TASK GOAL
Because the copy must hold no pictures, return the data below with all of its words intact.

DATASET CONTENT

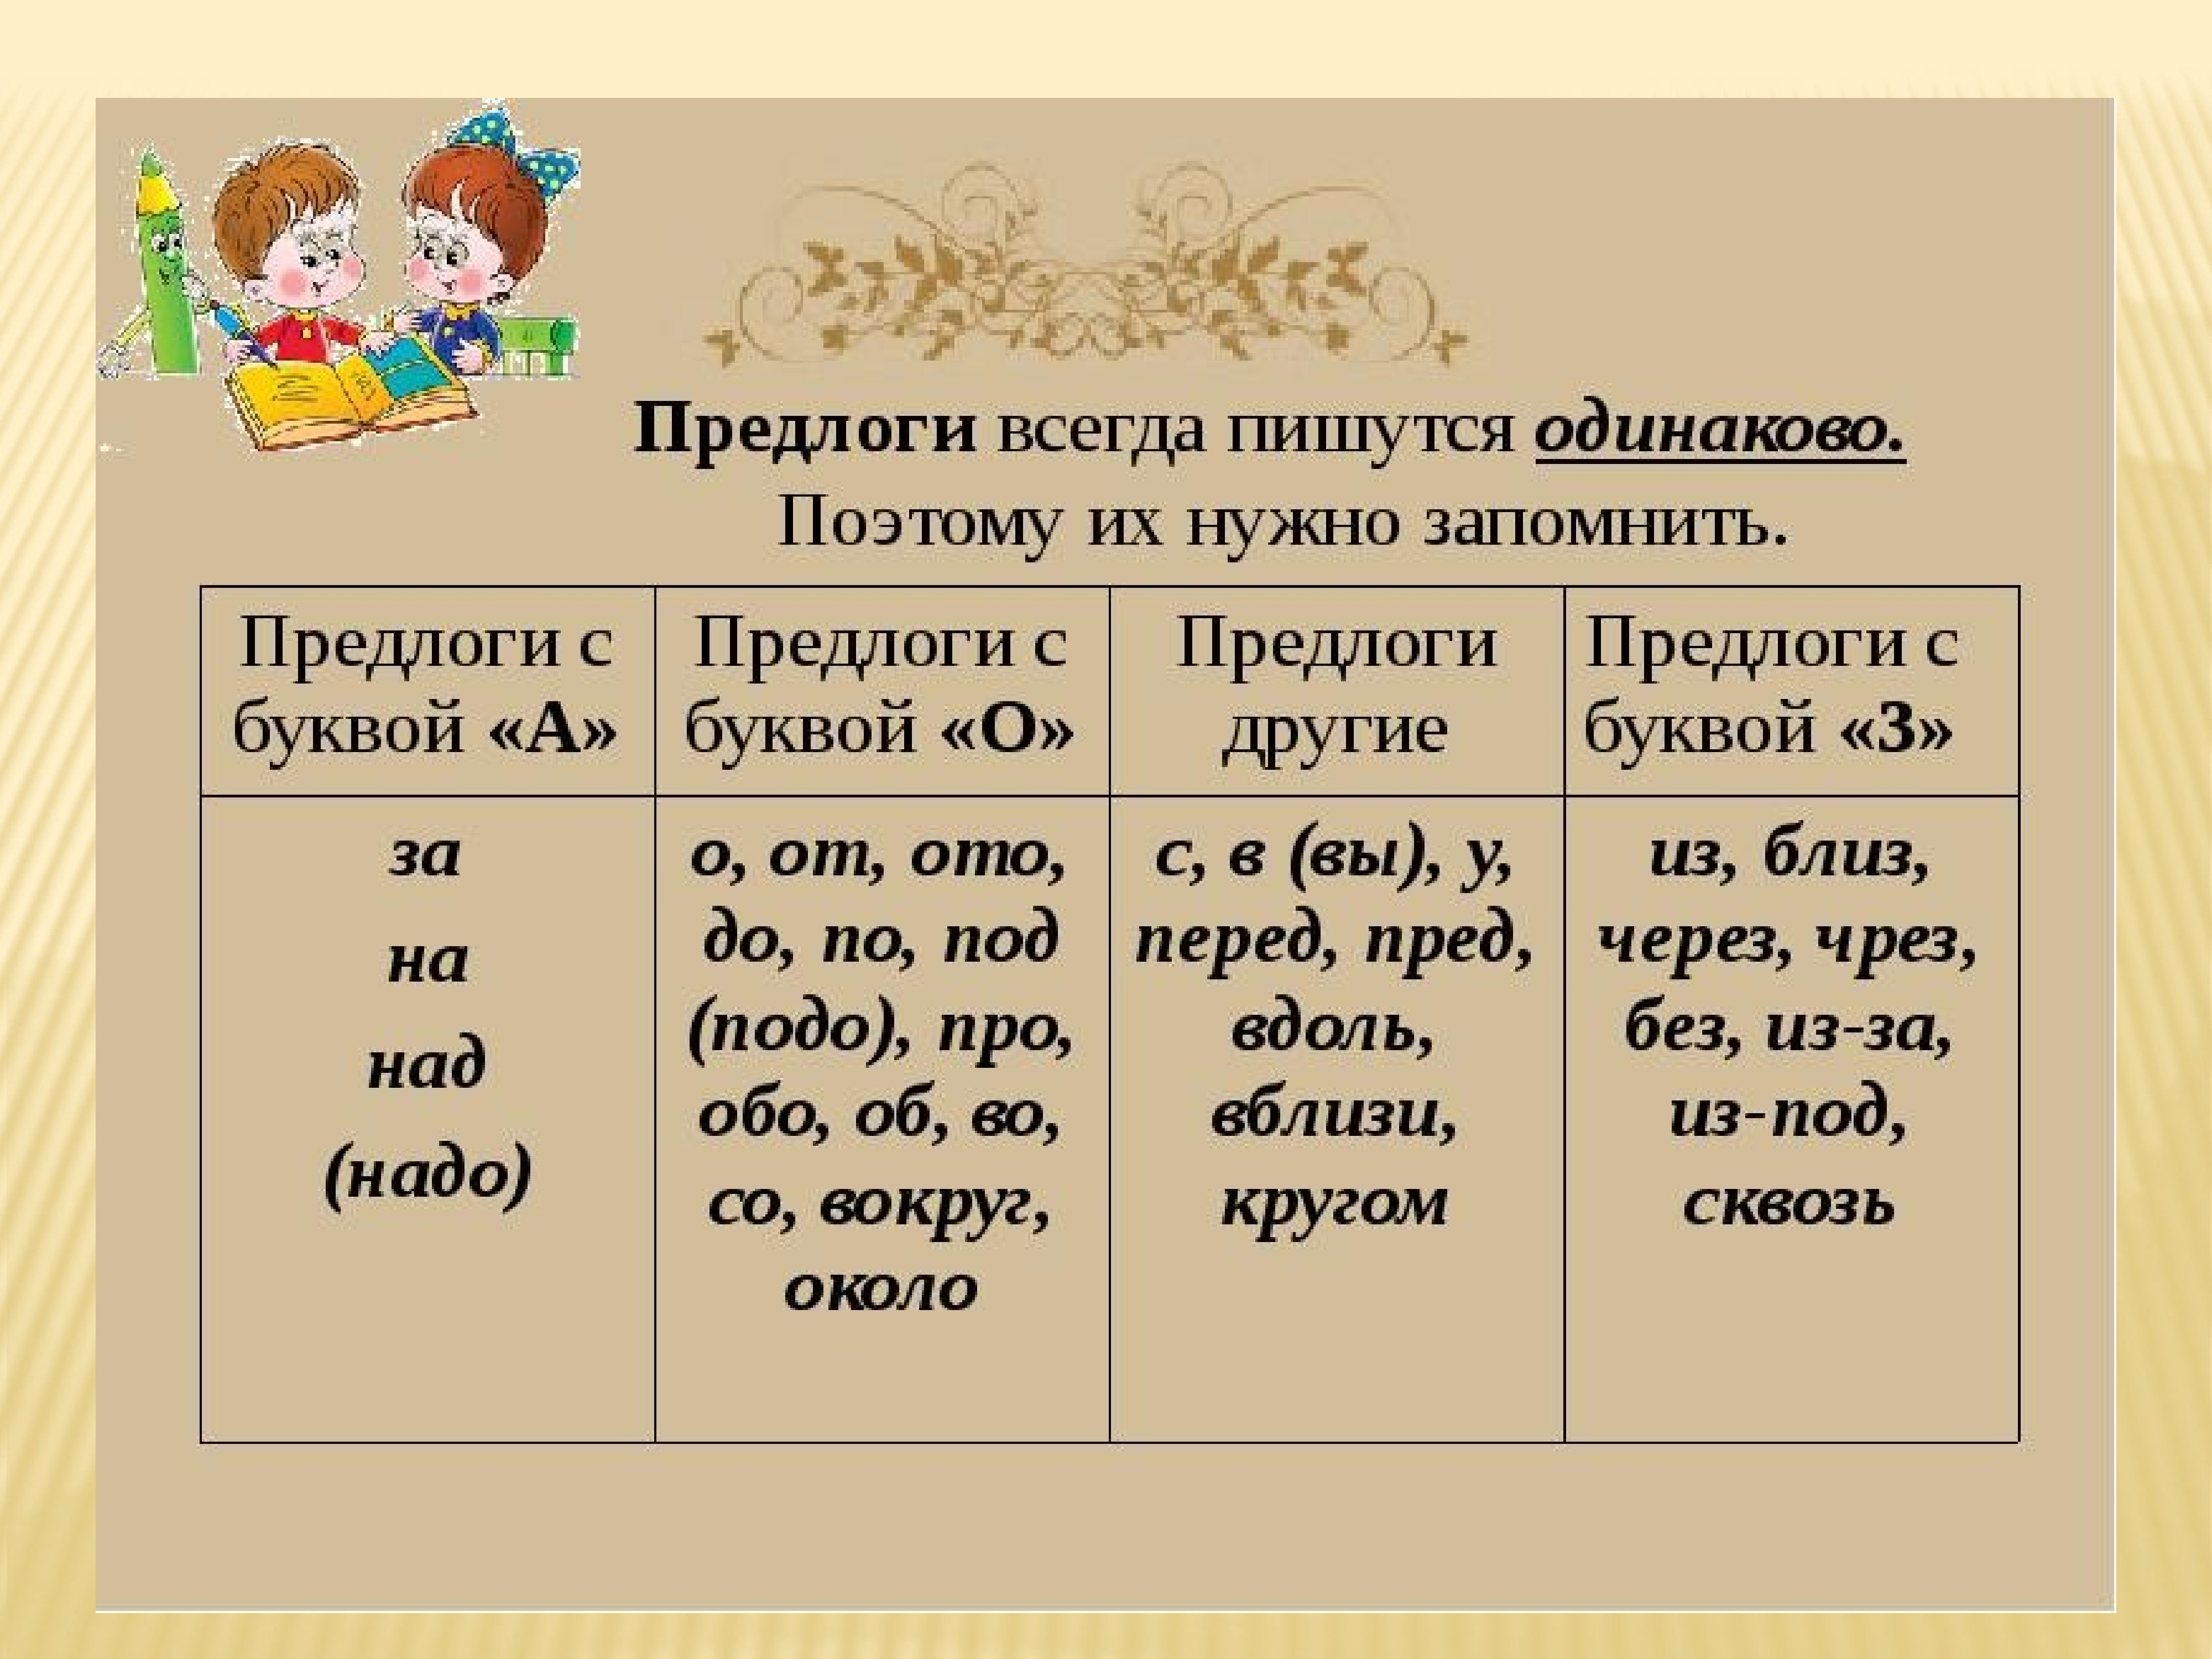 Предъявил приставка. Предлог. Предлоги в русском языке. Пердлоги в руском языке. Таблица предлогов в руском языке.
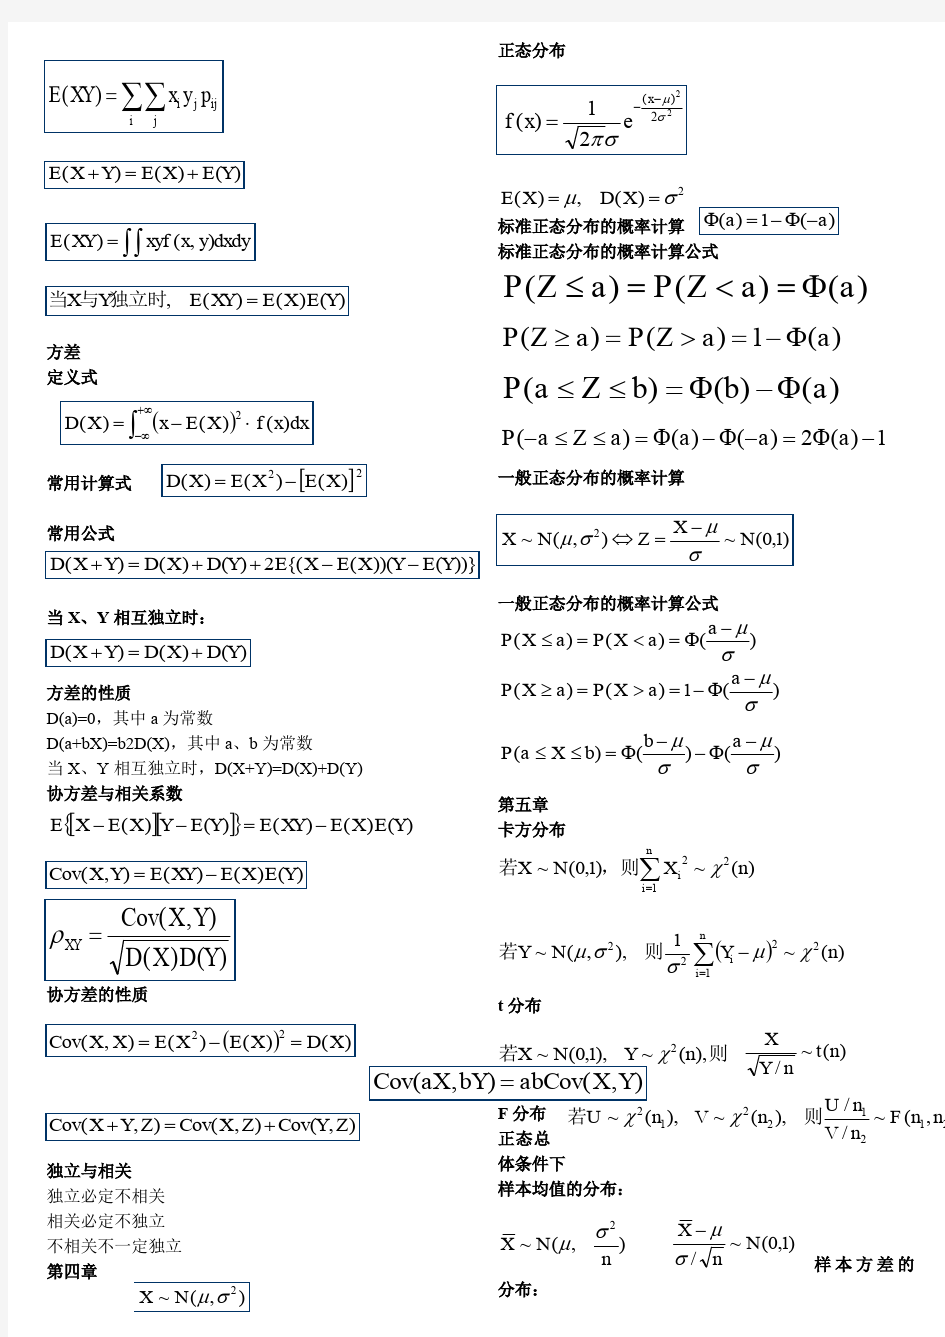 概率论与数理统计公式总结.pdf
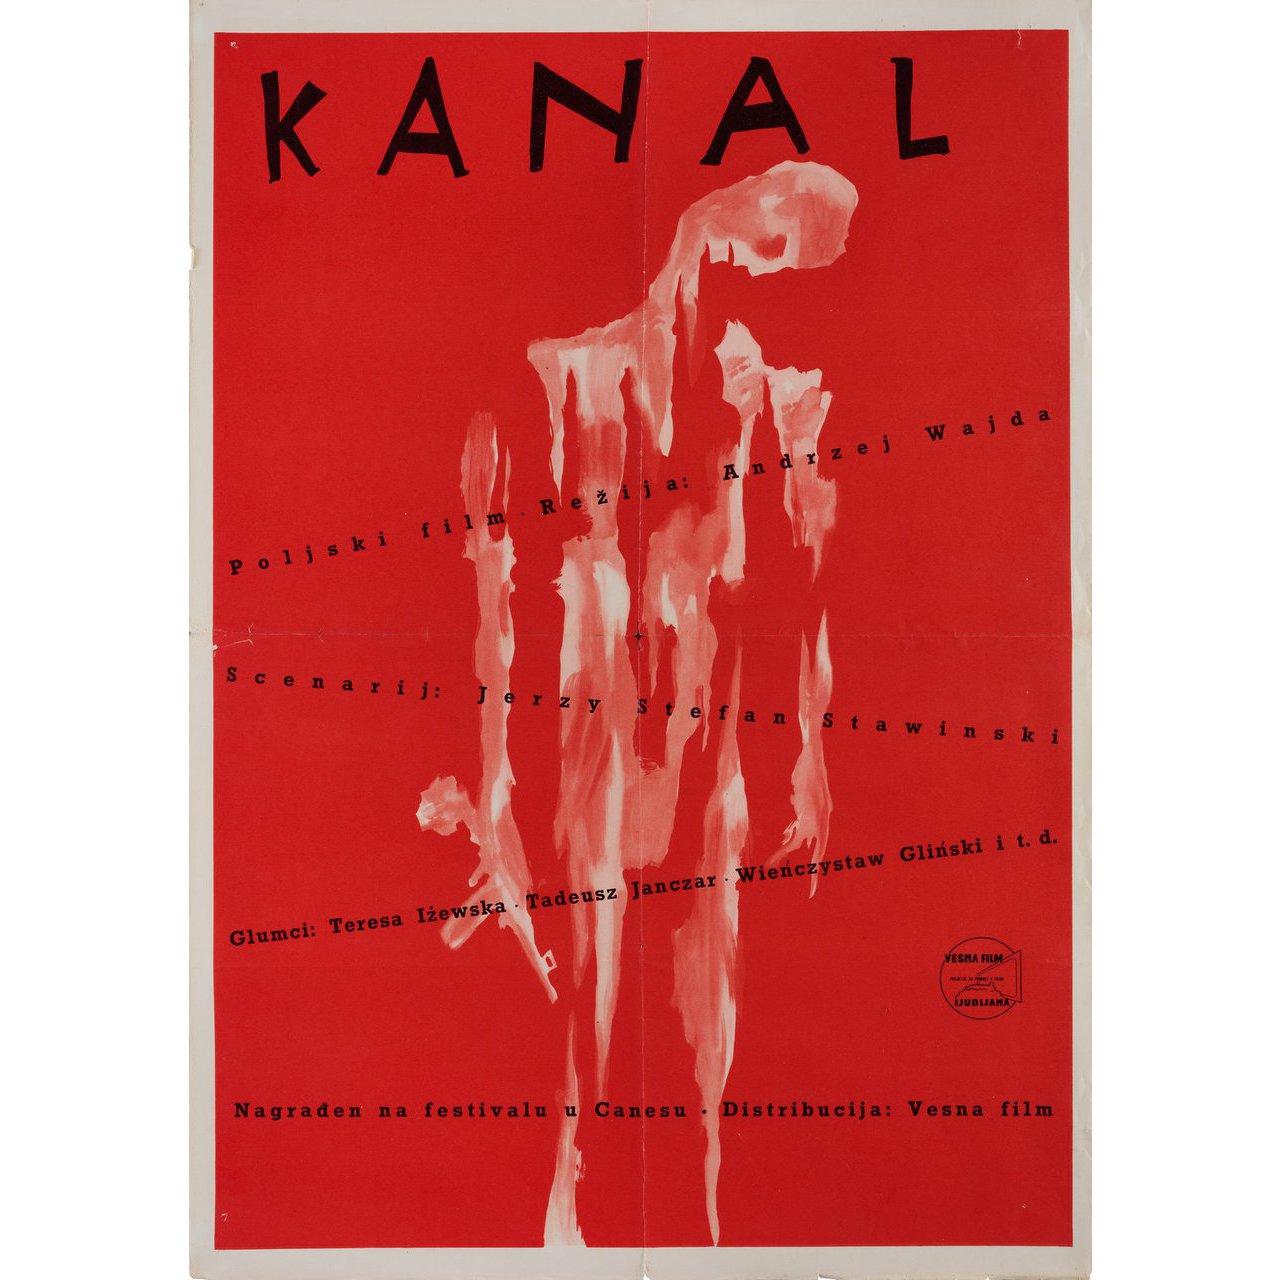 Original 1957 Yugoslav B2 poster by Jan Lenica for the film Kanal (Canal) directed by Andrzej Wajda with Teresa Izewska / Tadeusz Janczar / Wienczyslaw Glinski / Tadeusz Gwiazdowski. Very Good-Fine condition, folded. Many original posters were

WRITTEN RESPONSE
 Предъявил приставка. Предлог. Предлоги в русском языке. Пердлоги в руском языке. Таблица предлогов в руском языке.
 概率论与数理统计公式总结.pdf
 Original 1957 Yugoslav B2 poster by Jan Lenica for the film Kanal (Canal) directed by Andrzej Wajda with Teresa Izewska / Tadeusz Janczar / Wienczyslaw Glinski / Tadeusz Gwiazdowski. Very Good-Fine condition, folded. Many original posters were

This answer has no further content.